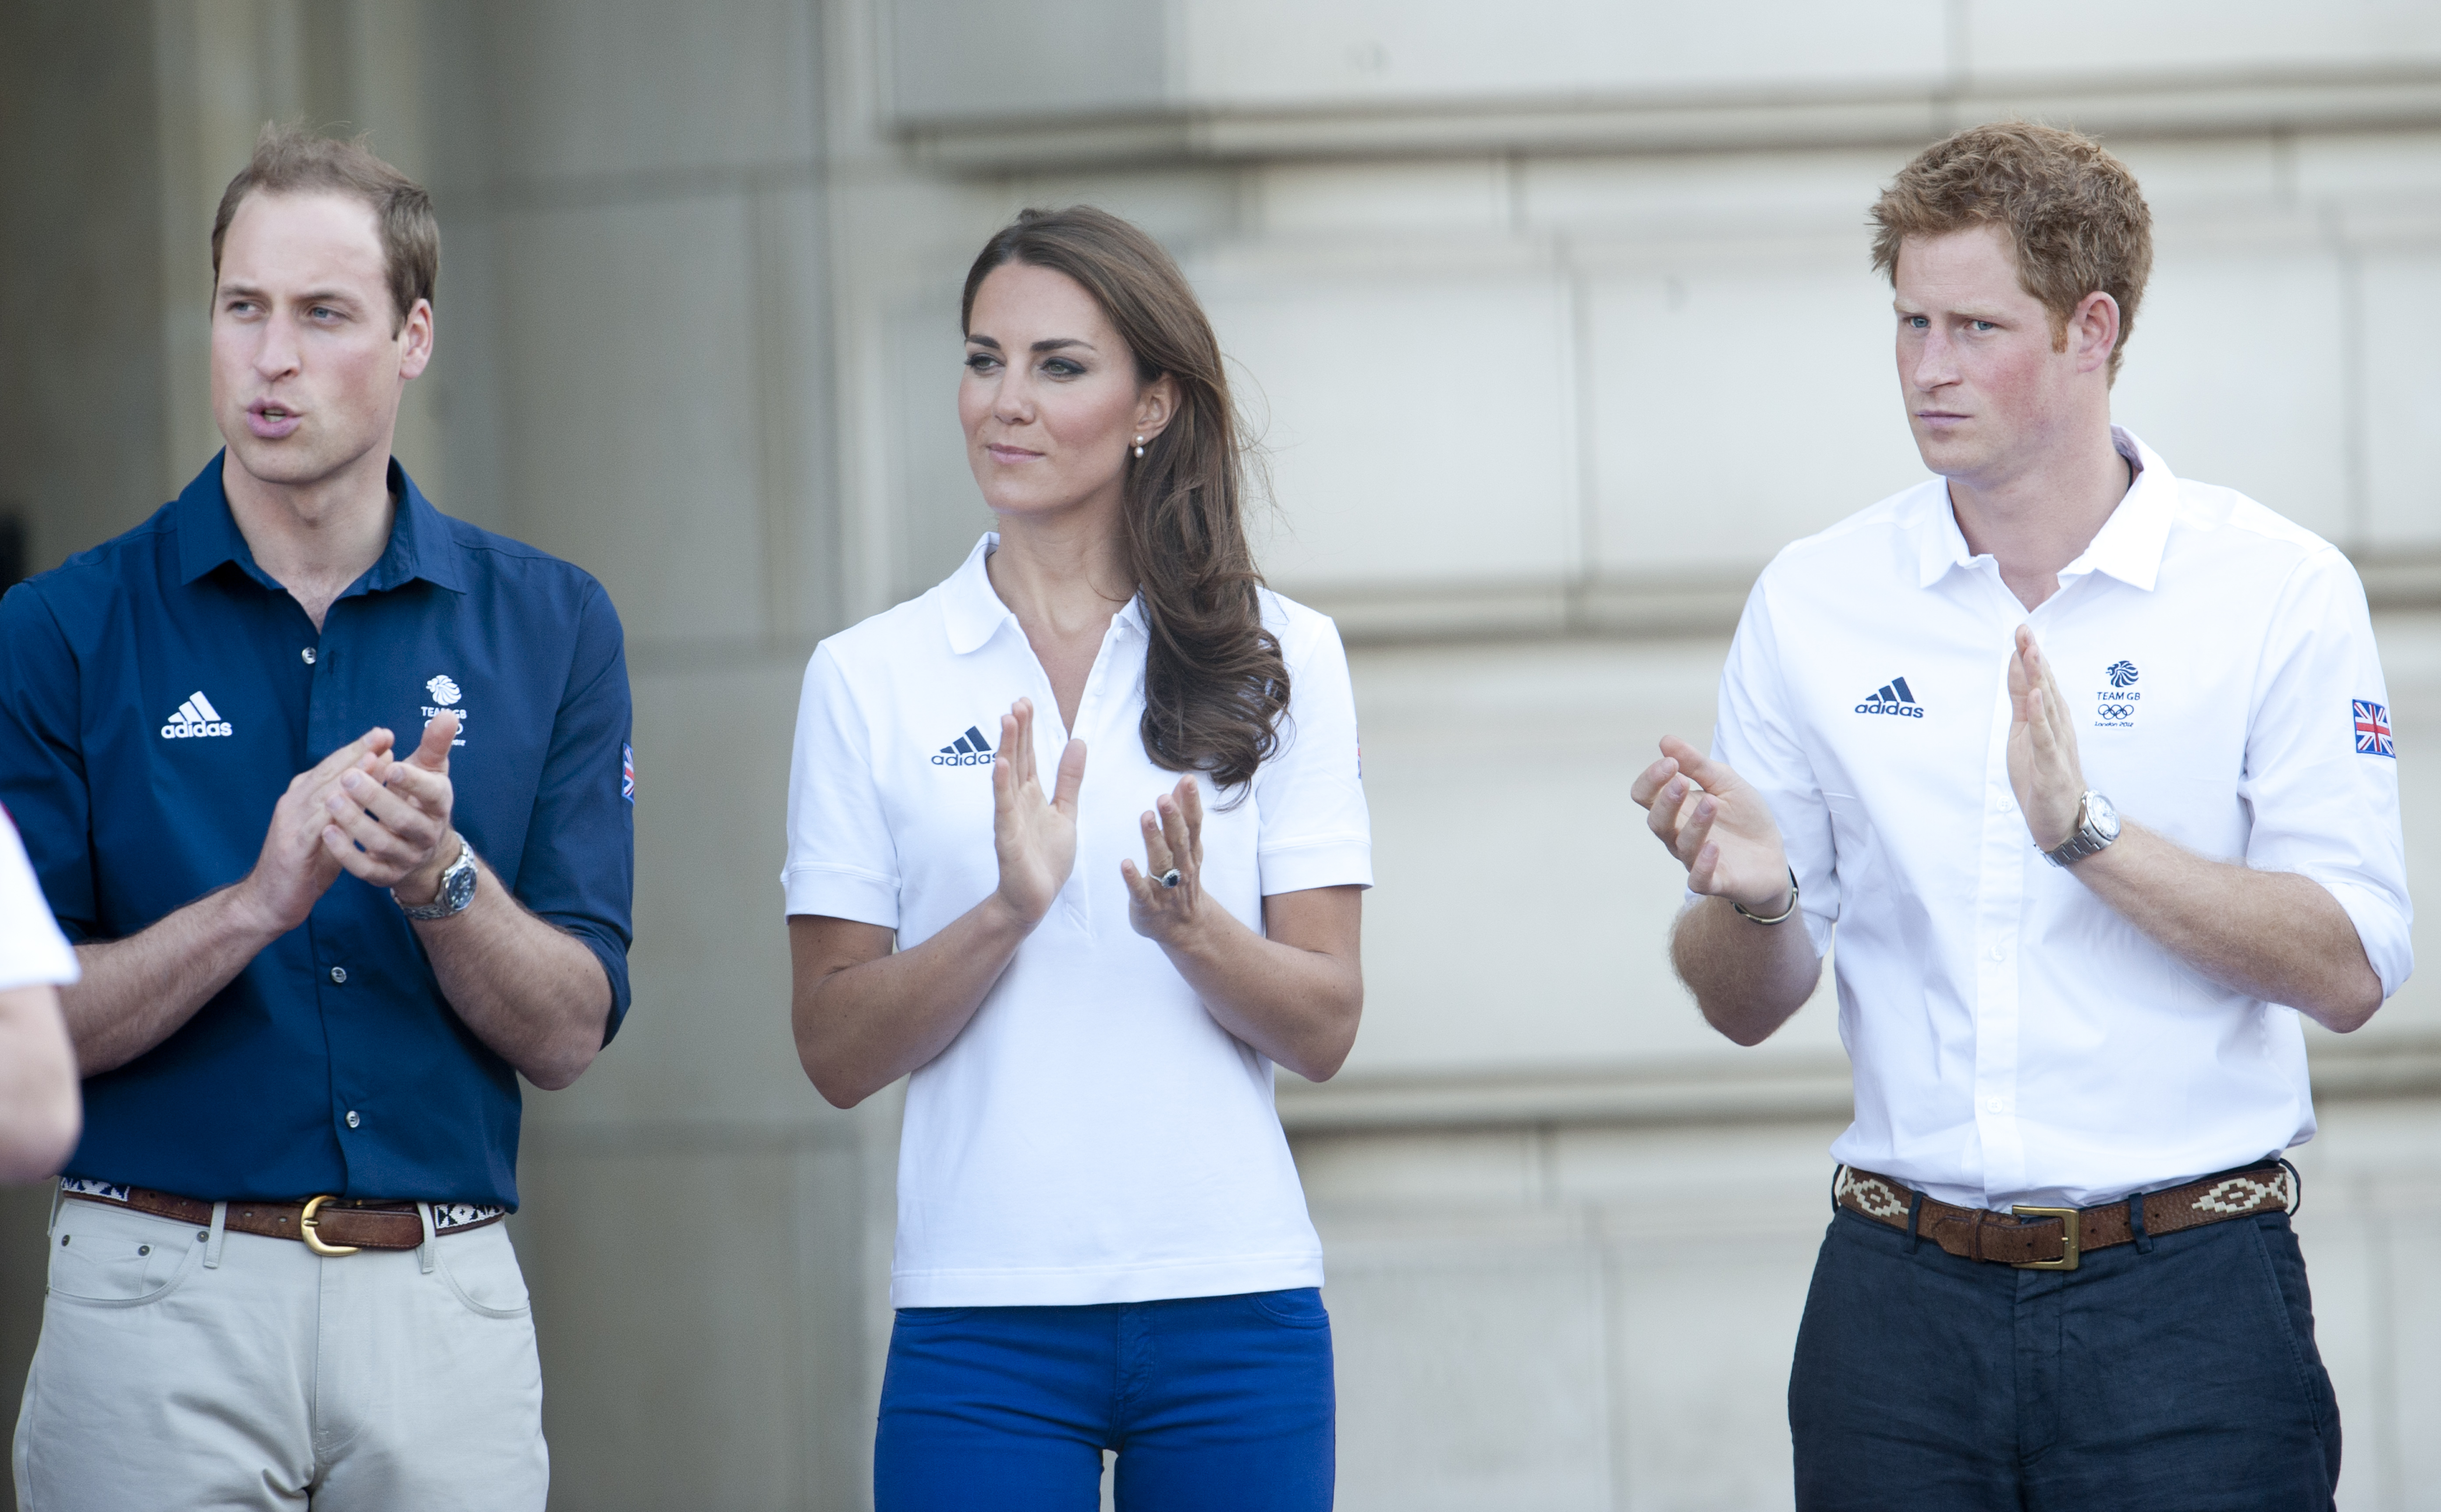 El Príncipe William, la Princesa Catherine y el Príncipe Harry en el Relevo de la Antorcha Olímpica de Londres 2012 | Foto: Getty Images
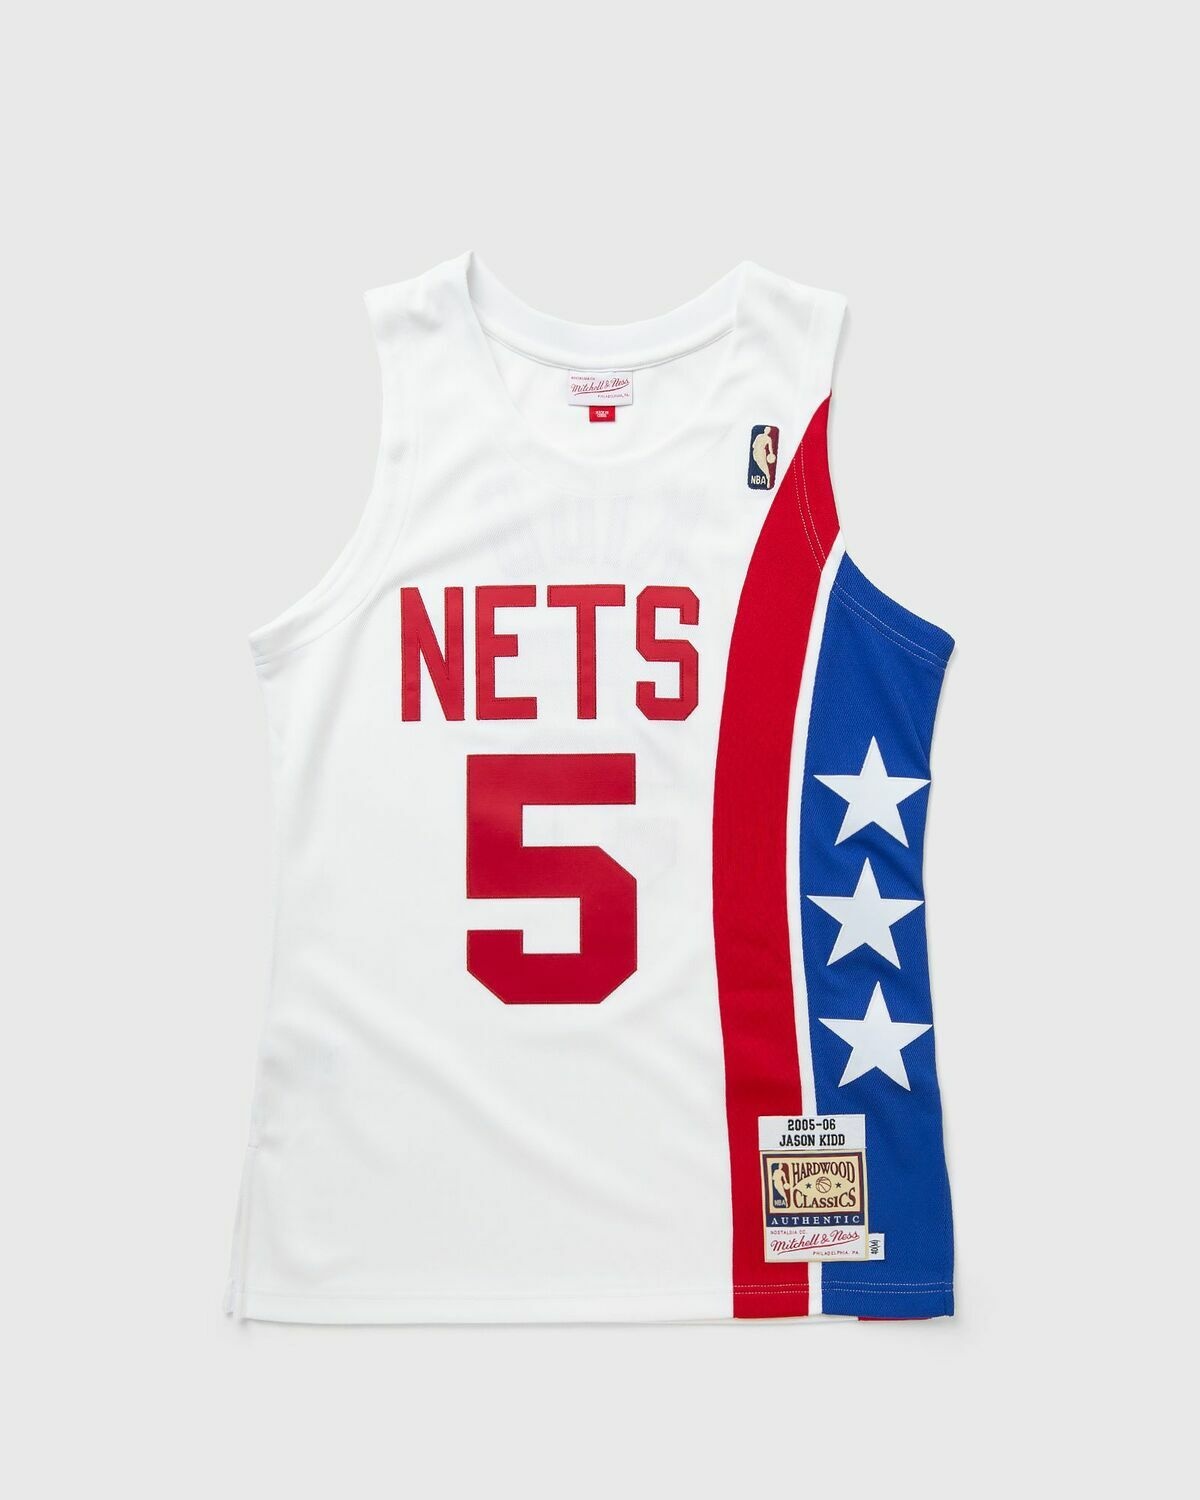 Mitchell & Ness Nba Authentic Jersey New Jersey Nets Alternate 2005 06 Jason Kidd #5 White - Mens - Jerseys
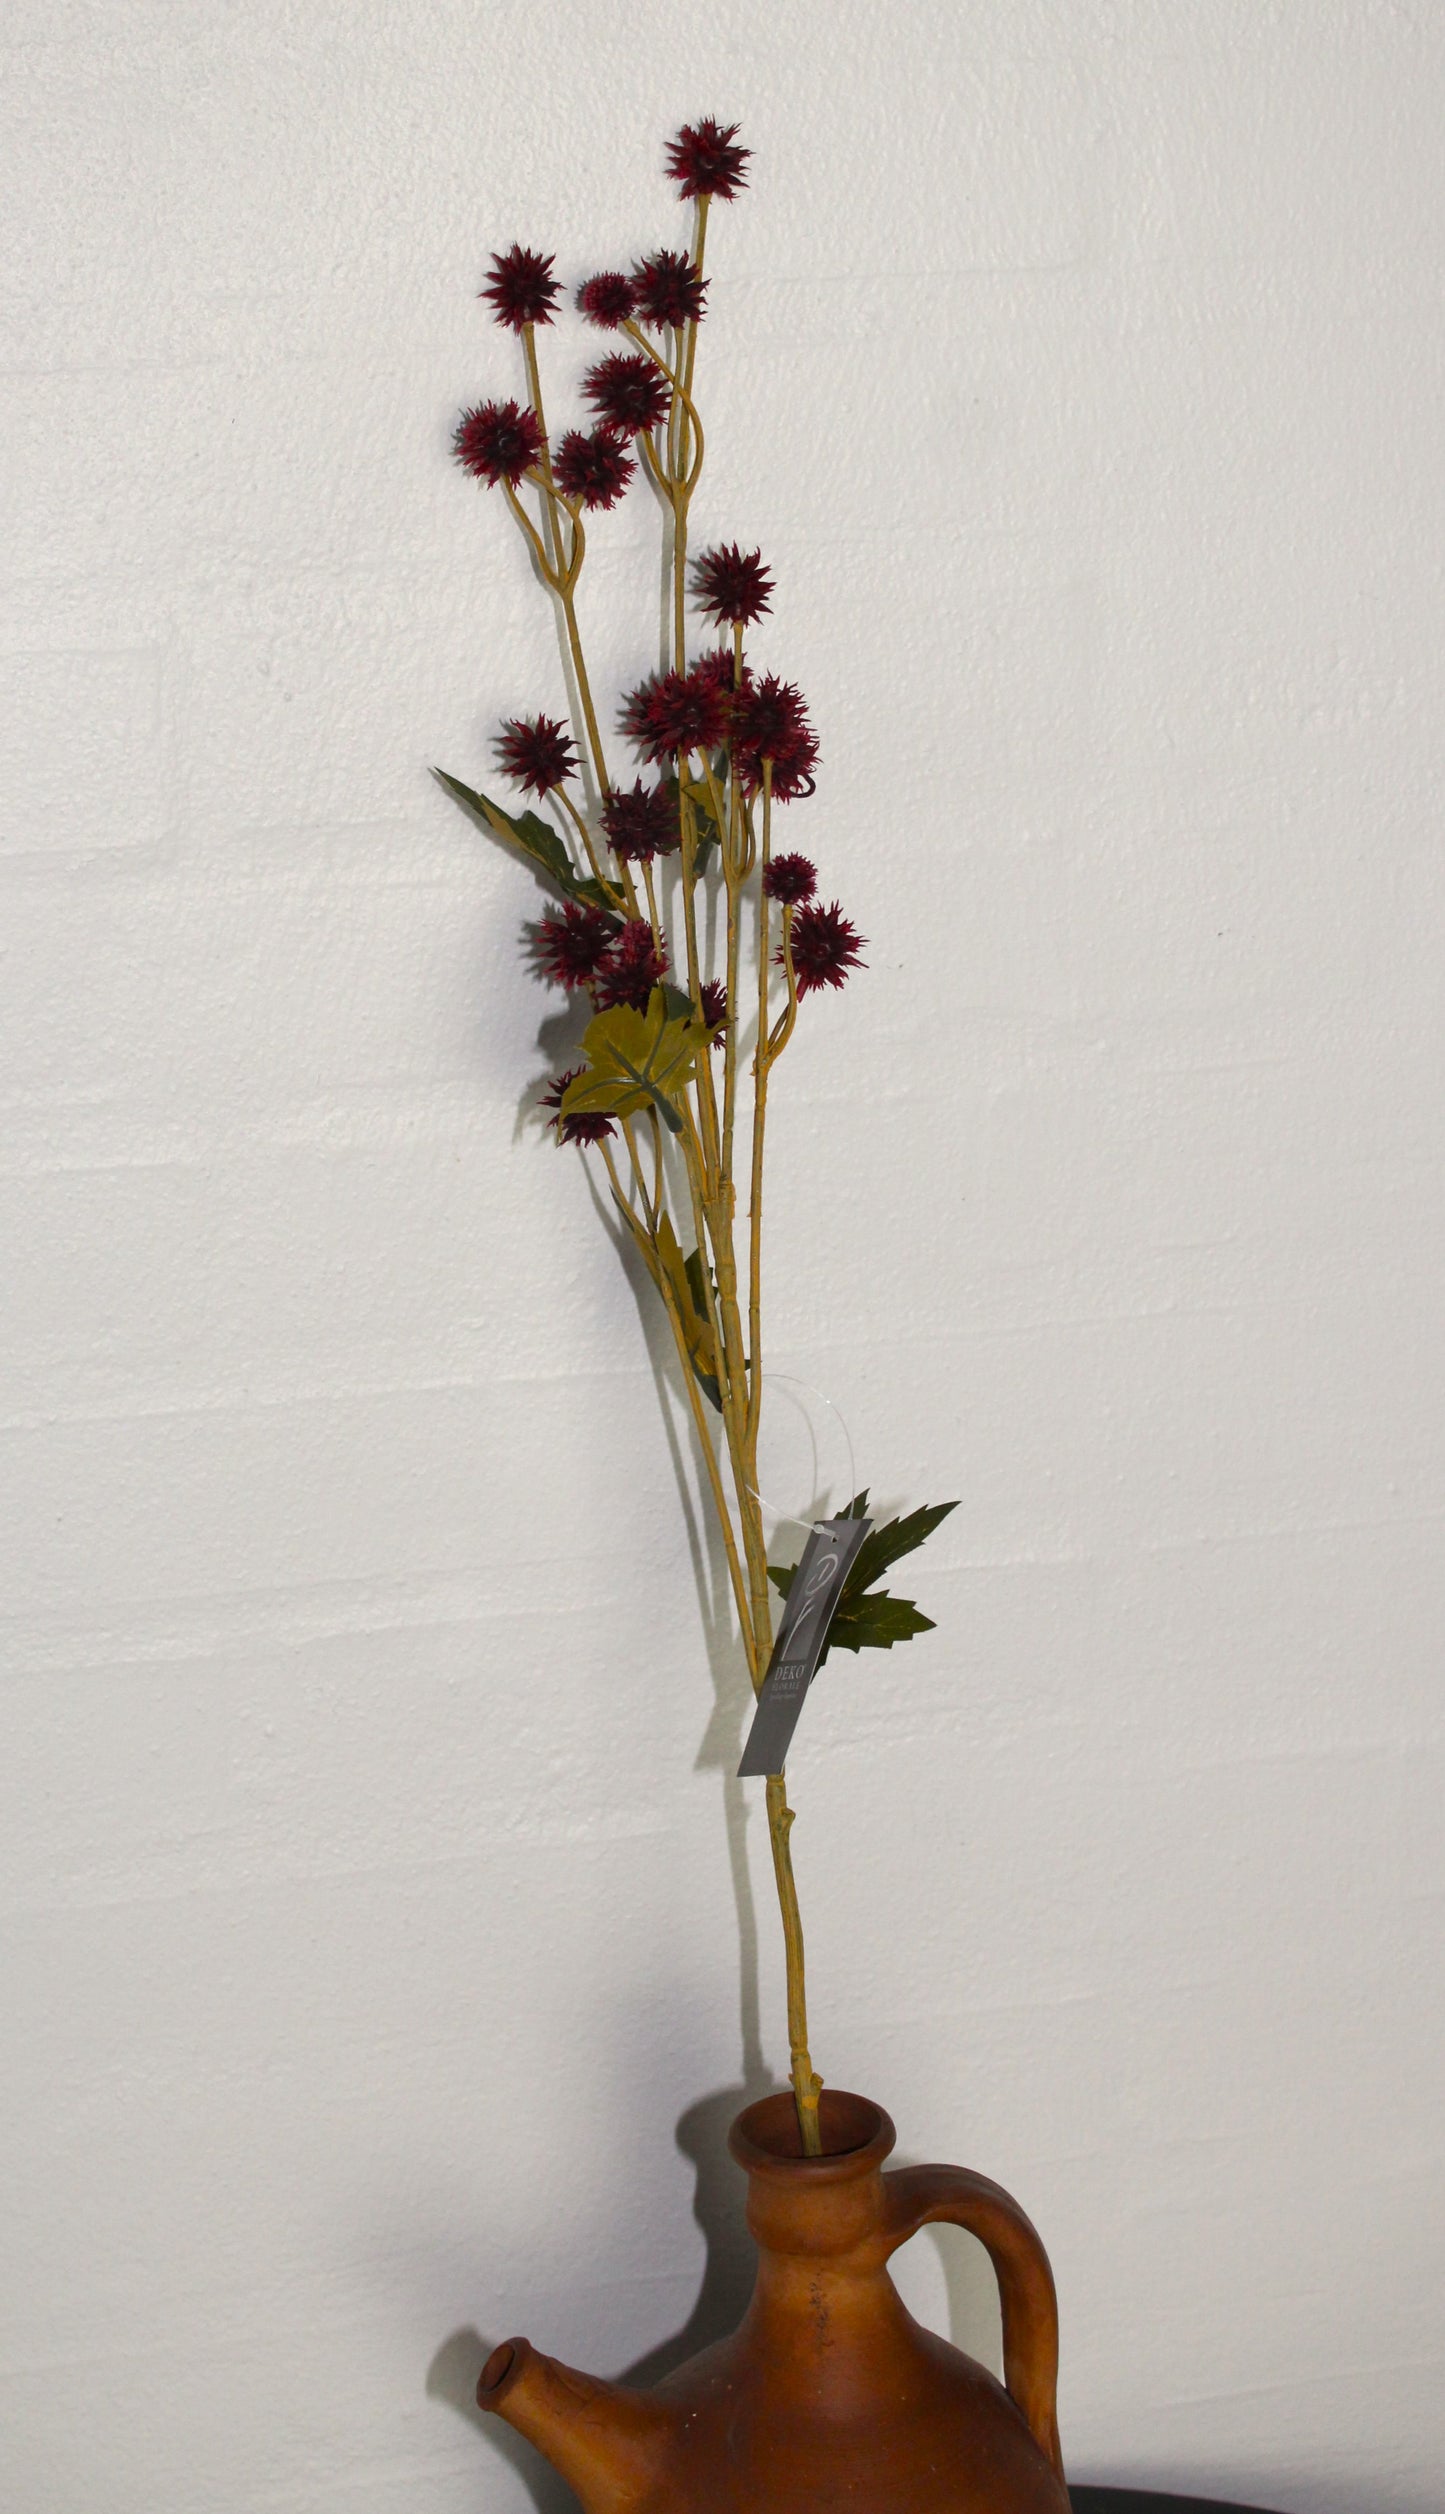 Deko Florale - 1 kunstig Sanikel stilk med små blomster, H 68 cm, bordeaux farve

Exercise => The answer must repeat every line of the listing exactly and leave the pictures out.

Your solution =>
 El Príncipe William, la Princesa Catherine y el Príncipe Harry en el Relevo de la Antorcha Olímpica de Londres 2012 | Foto: Getty Images
 Mitchell & Ness Nba Authentic Jersey New Jersey Nets Alternate 2005 06 Jason Kidd #5 White - Mens - Jerseys
 Deko Florale - 1 kunstig Sanikel stilk med små blomster, H 68 cm, bordeaux farve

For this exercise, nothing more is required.